At the house the women found the buckets of water, the kerosene tins, the preserving-pans, the jugs, all the utensils that Pippa had filled with water; and the fire in the gully at the bottom of the hill, now raging, and more fires over near the eastern boundary fence, and others up the hill towards Grandpa Tanner's. Smoke even seemed to be coming out of the ground, out of fissures or cracks. There was smoke even where vegetables were green.

Pippa's mother croaked the names of her children—if they had been there they probably would not have heard—and went down on her knees near the back step where the water was spilt and wept without tears, without sound. For the moment, all that had sustained her had gone.

Young Mrs Robertson floundered past her into the house, calling for her baby. She found her way back to the kitchen and fastened her fingers like talons to the frame of the door, drawing deep breaths of heat and smoke and ever-sharpening vapours. She was a pretty young woman usually poised and well-groomed. All that had gone now; all her looks, all her grooming, all her poise. ‘Not here,' she said, looking down through the wire screen at the woman kneeling weakly on the ground.

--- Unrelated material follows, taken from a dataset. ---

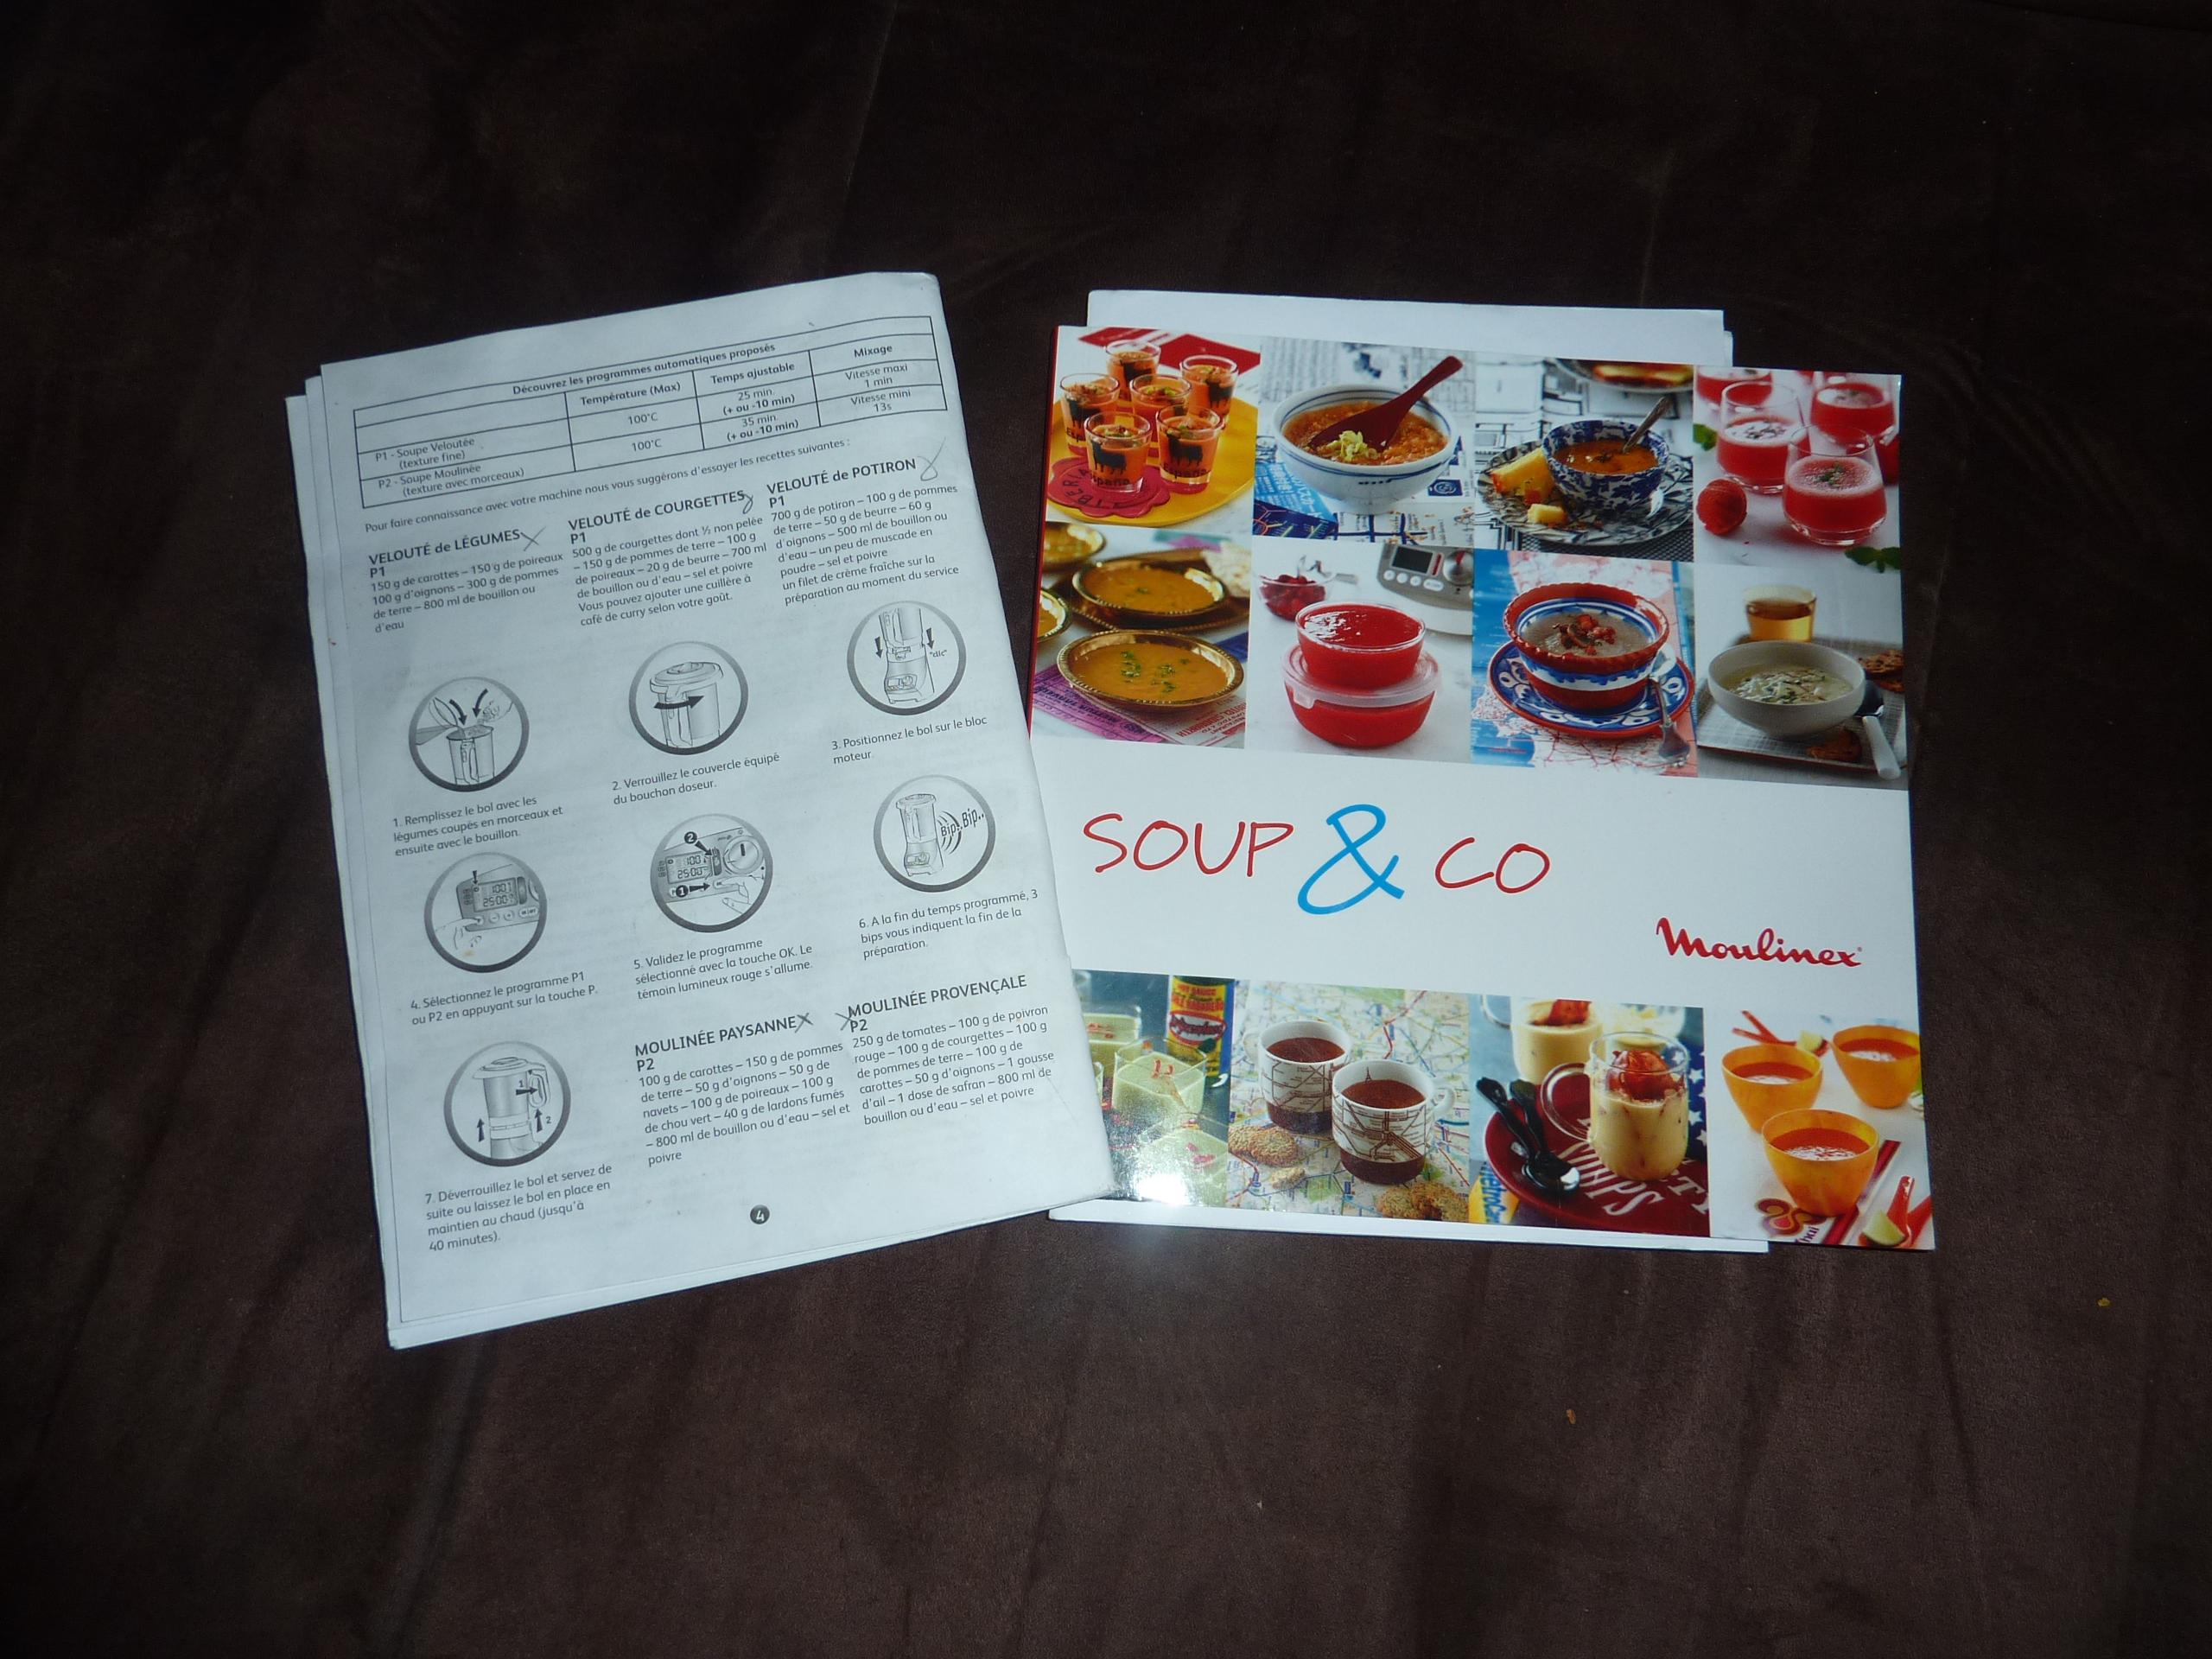 Livre de recette soup and co - Recette moulinex soup and co ...

‘Just gone,' said Pippa's mother, ‘only moments ago.'

‘But where?'

‘God be with them.'

‘The boy hasn't come.'

‘What boy?'

Peter ran hard. Like most thin people, light-limbed and wiry, he was very fast on his feet. He had often surprised people by his speed, even his house master at school (his house master, however, had done nothing about it, because Peter Fairhall was a difficult child, a loner, usually stuck in a corner somewhere with a book).

Peter ran now as he had never run, with elation. He knew without being able to frame the words that he was running into manhood and leaving childhood behind. He hated childhood. He ran away from it with joy. He was ready to prove himself a man; ready to be baptized a man with fire, whether he survived the ordeal or died from it. He didn't care about the cost, except that his Gran should live to know—and that everyone should know—that her life had been given back to her by him.

He ran, not blindly but with difficulty, into the face of fierce heat, expecting his Gran to appear, wraithlike, out of the smoke. She didn't. He drew nearer and nearer to the tempestuous crest of the long hill, the blind crest that marked so distinctly the division between the little world where the Fairhalls and the Buckinghams and the others lived, and the beginning of the great world beyond. But still she did not appear.

He came to the crest, and a spectacle of outrageous splendour stormed and funnelled and sheeted. The fire was a mile away, perhaps only half a mile, he did not know; except that the dam had not stopped it, that in the midst of it the dam bubbled and steamed unseen, and the Robertsons' blew up unseen, and the Collinses', unseen, shrivelled into the earth.